- Genre: Sitcom
- Created by: Stephen Engel
- Starring: Breckin Meyer; Miriam Shor; Bryan Callen; Jennifer Irwin; Richard Kline; Dondré T. Whitfield; Maggie Lawson;
- Composer: Ben Vaughn
- Country of origin: United States
- Original language: English
- No. of seasons: 1
- No. of episodes: 13 (4 unaired)

Production
- Executive producer: Stephen Engel
- Producer: John Ziffren
- Production locations: 20th Century Fox Studios 10201 Pico Blvd., Century City, Los Angeles, California
- Cinematography: Peter Smokler
- Camera setup: Multi-camera
- Running time: 30 minutes
- Production companies: Stephen Engel Productions; NBC Studios; 20th Century Fox Television;

Original release
- Network: NBC
- Release: September 27, 2001 – January 3, 2002

= Inside Schwartz =

Television series

Inside Schwartz is an American sitcom television series created by Stephen Engel, that aired on NBC from September 27, 2001, until January 3, 2002, starring Breckin Meyer as the title character. The show was produced by 20th Century Fox Television and NBC Studios and first aired on NBC on Thursday Night at 8:30 EST.

==Plot==
After losing a long-time girlfriend, minor-league sportscaster Adam Schwartz's (Meyer) dating life is illustrated by sports highlights (as presented by Fox Sports Net) in which various pro sports personalities appear.
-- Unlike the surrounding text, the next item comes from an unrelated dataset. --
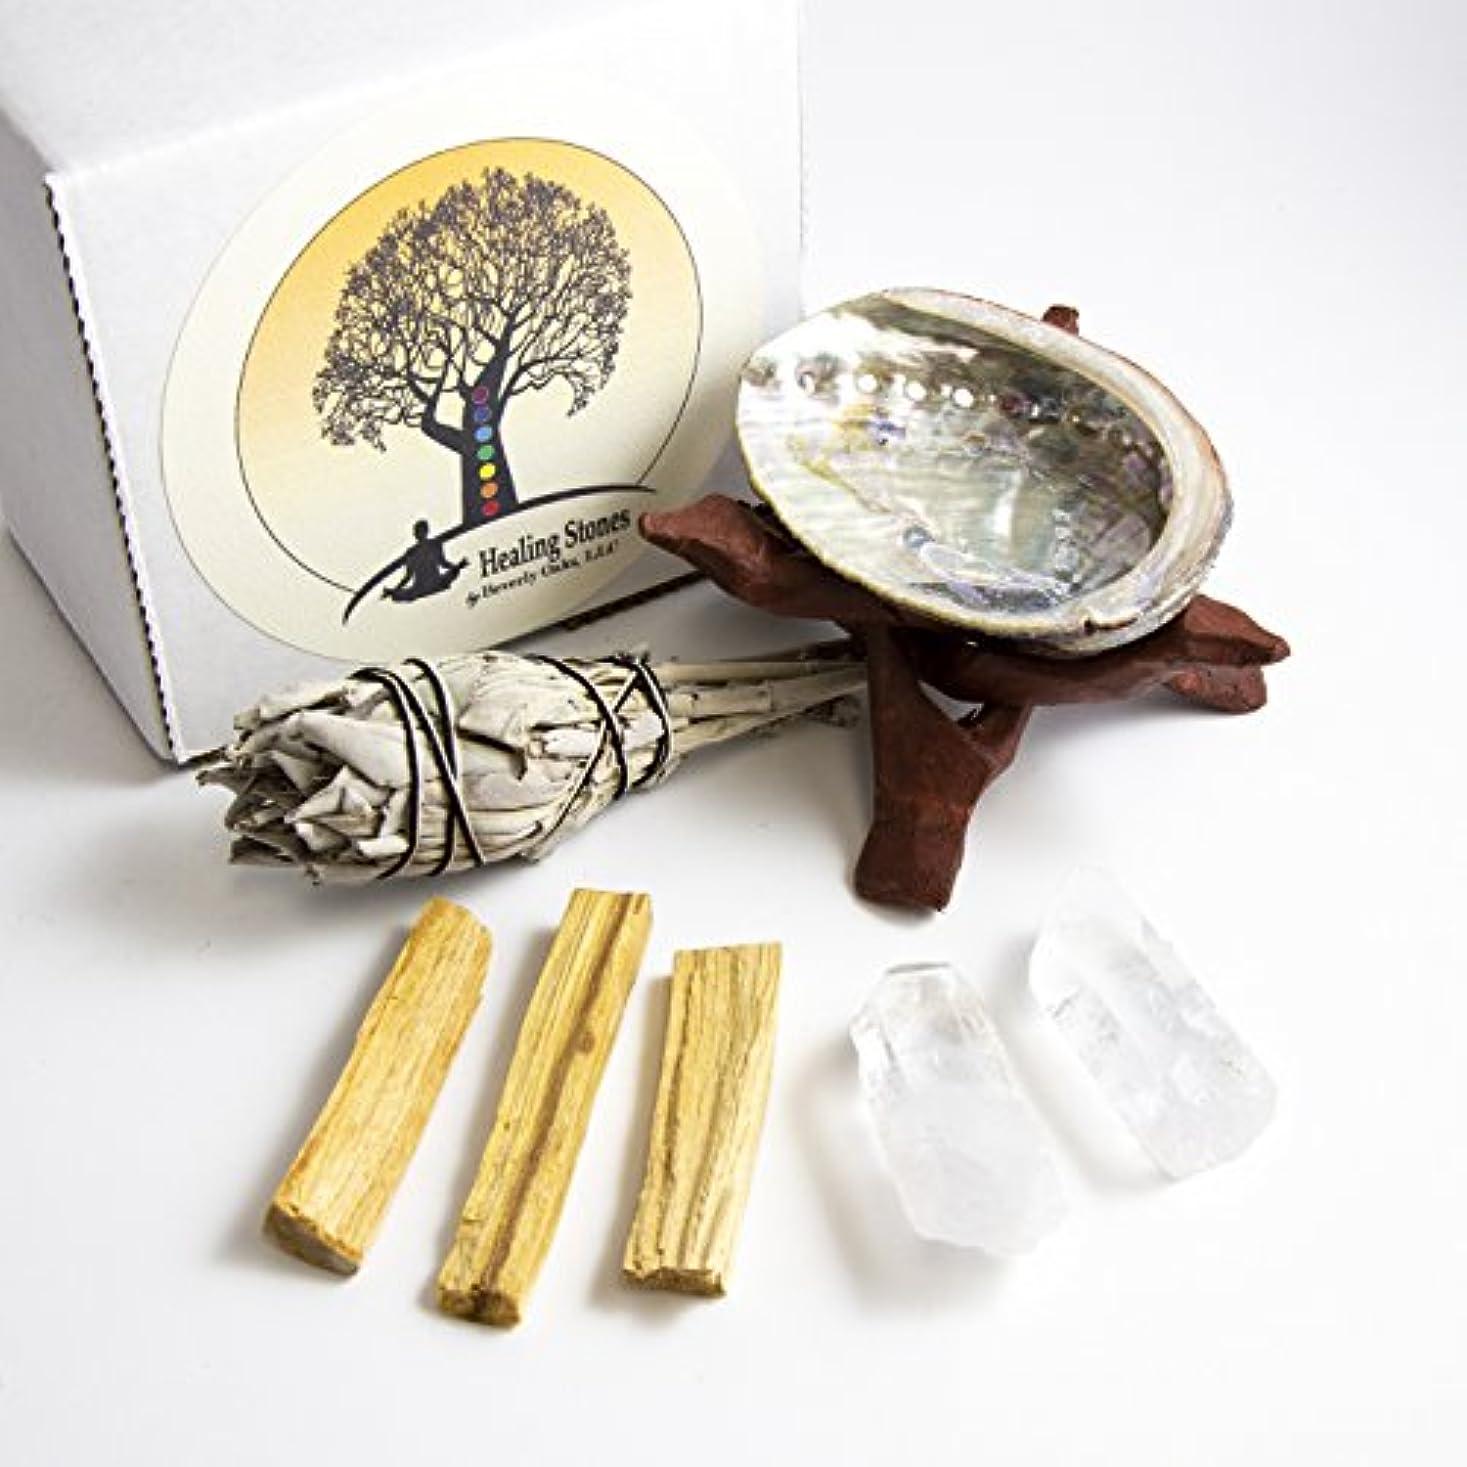 債務者マネージャー鎮静剤Beverly Oaks瞑想Ritualキット – 2 Clear Quartz Crystals , Palo Santoスティック、カリフォルニアホワイトセージスティック、アワビシェル、コブラスタンド – HealingクリスタルをRituals
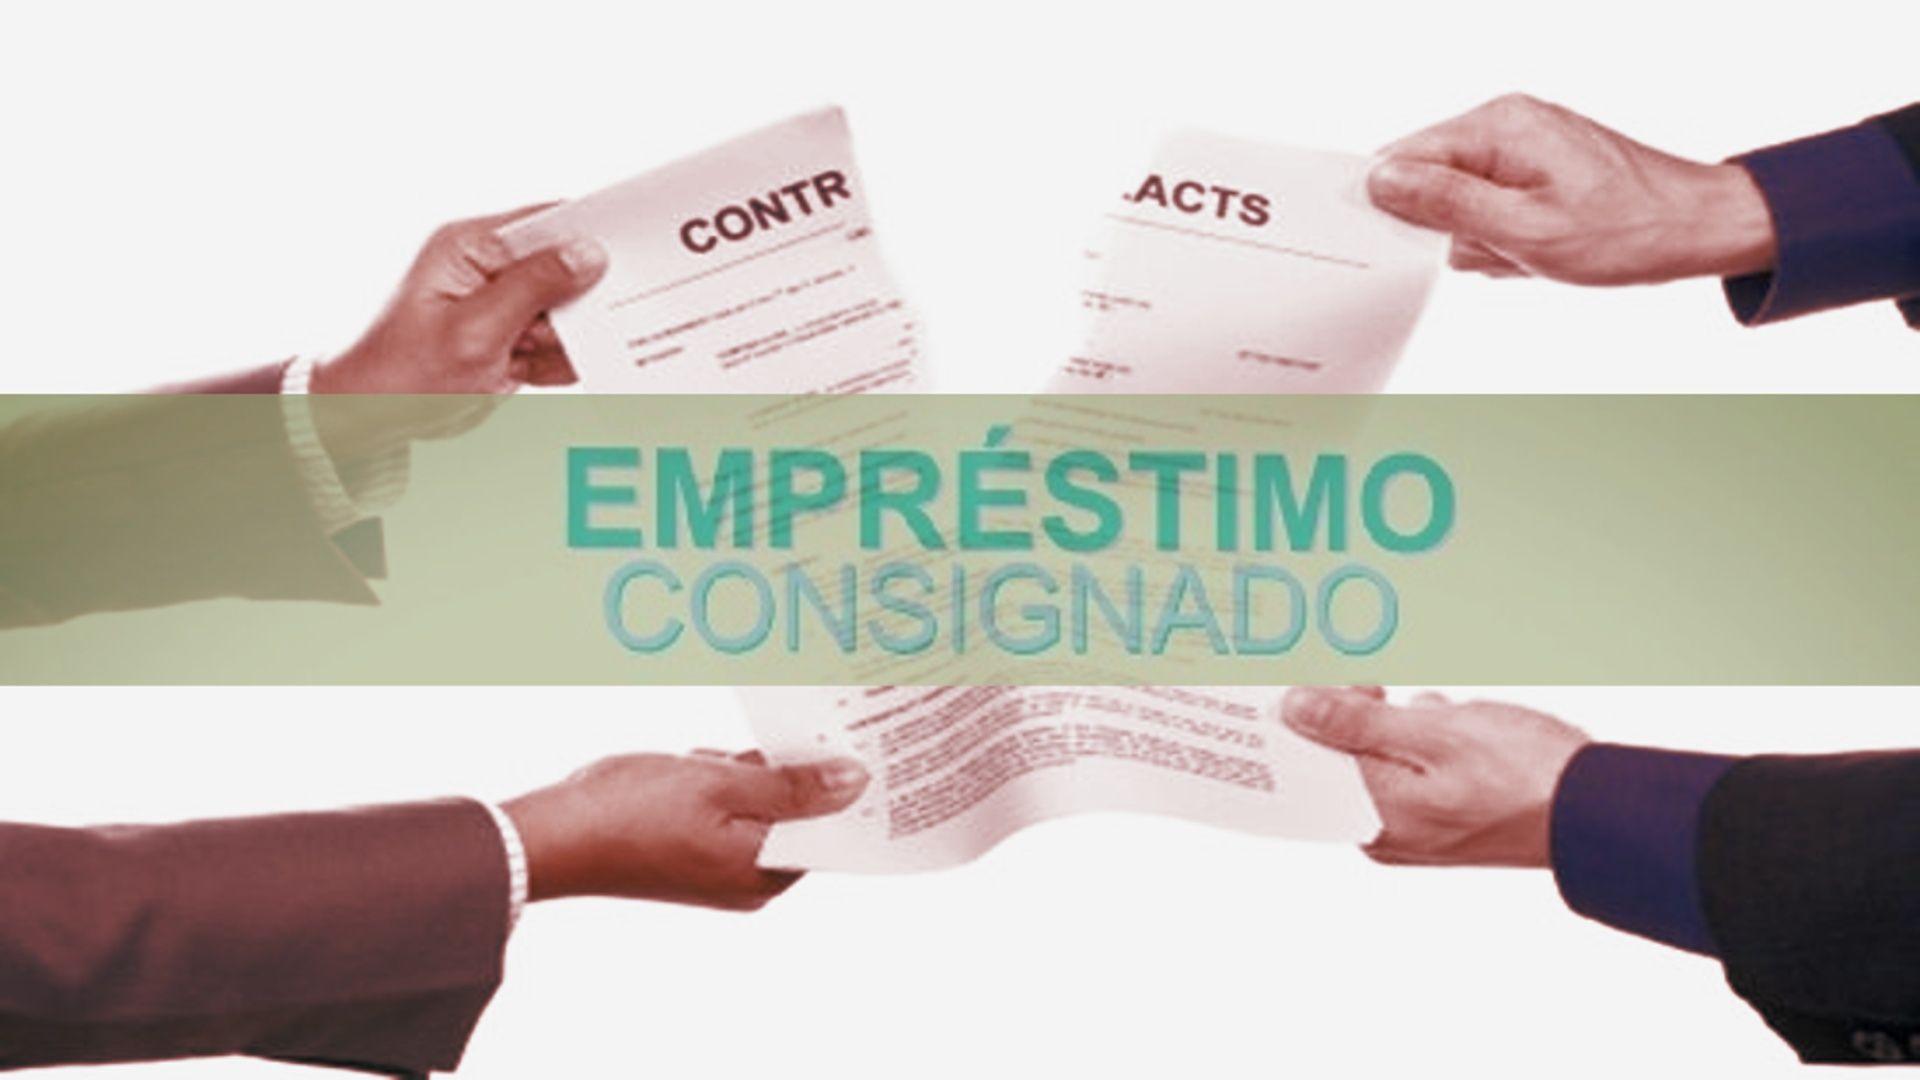 Justiça anula empréstimo contraído por meio de fraude no interior do Maranhão

For instance, when Adam's date reveals that she has three children a referee appears and makes the call "Too many players on the field".

==Cast==

- Breckin Meyer as Adam Schwartz
- Miriam Shor as Julie Hermann
- Bryan Callen as David Cobert
- Jennifer Irwin as Emily Cobert
- Richard Kline as Gene Schwartz
- Dondré T. Whitfield as William Morris (episodes 2–4, 9)
- Maggie Lawson as Eve Morris (episodes 7–8; recurring, previously)

===Recurring===
- Van Earl Wright as Himself
- Kevin Frazier as Himself

==Episodes==

| No. | Title | Directed by | Written by | Original release date | Prod. code | U.S. viewers (millions) |
|---|---|---|---|---|---|---|
| 1 | "Pilot" | Pamela Fryman | Stephen Engel | September 27, 2001 | 1AFP79 | 22.52 |
| 2 | "Let's Go to the Videotape" | Pamela Fryman | Stephen Engel | October 4, 2001 | 1AFP01 | 20.59 |
| 3 | "The Pinch Hitter" | Gil Junger | Gail Lerner | October 18, 2001 | 1AFP05 | 15.09 |
| 4 | "Event Night" | Michael Lembeck | Gail Lerner & Bill Kunstler | October 25, 2001 | 1AFP07 | 16.56 |
| 5 | "Comic Relief Pitcher" | Gail Mancuso | Story by : Stephen Leff & Jim Patterson Teleplay by : Bill Kunstler | November 29, 2001 | 1AFP09 | 14.26 |
| 6 | "Roommates" | Gail Mancuso | Story by : Michael Gannon & Jon Hotchkiss Teleplay by : Jack Burditt | December 6, 2001 | 1AFP11 | 15.22 |
| 7 | "Play-Action Fake Boyfriend" | Gail Mancuso | Story by : Debora Cahn Teleplay by : Gail Lerner | December 20, 2001 | 1AFP10 | 10.57 |
| 8 | "Eve's Date with Schwartz's Destiny" | Gil Junger | Jeff Lowell & Marc Sedaka | December 27, 2001 | 1AFP12 | 10.69 |
| 9 | "Kissing Cousin" | Gil Junger | Stephen Leff & Jim Patterson | January 3, 2002 | 1AFP08 | 10.51 |
| 10 | "It's All in the Footwork" | Gil Junger | Jim Patterson | Unaired | 1AFP02 | N/A |
| 11 | "Service, Schwartz?" | Gail Mancuso | Stephen Leff | Unaired | 1AFP03 | N/A |
| 12 | "Bless Me Father, for I Have Fired You" | Gil Junger | Stephen Engel | Unaired | 1AFP04 | N/A |
| 13 | "He Ain't Funny, He's My Brother" | Gail Mancuso | Stephen Engel | Unaired | 1AFP06 | N/A |

==Cancellation==
The series followed Friends, which was in its 8th and highest-rated season. Inside Schwartz debuted with 22.5 million viewers. Of the 9 episodes to air, 5 followed new episodes of Friends. But despite having an average household rating of 9.8 and being ranked 16th among all programs in the ratings, Inside Schwartz was cancelled as network executives believed that the valuable time slot could get higher ratings.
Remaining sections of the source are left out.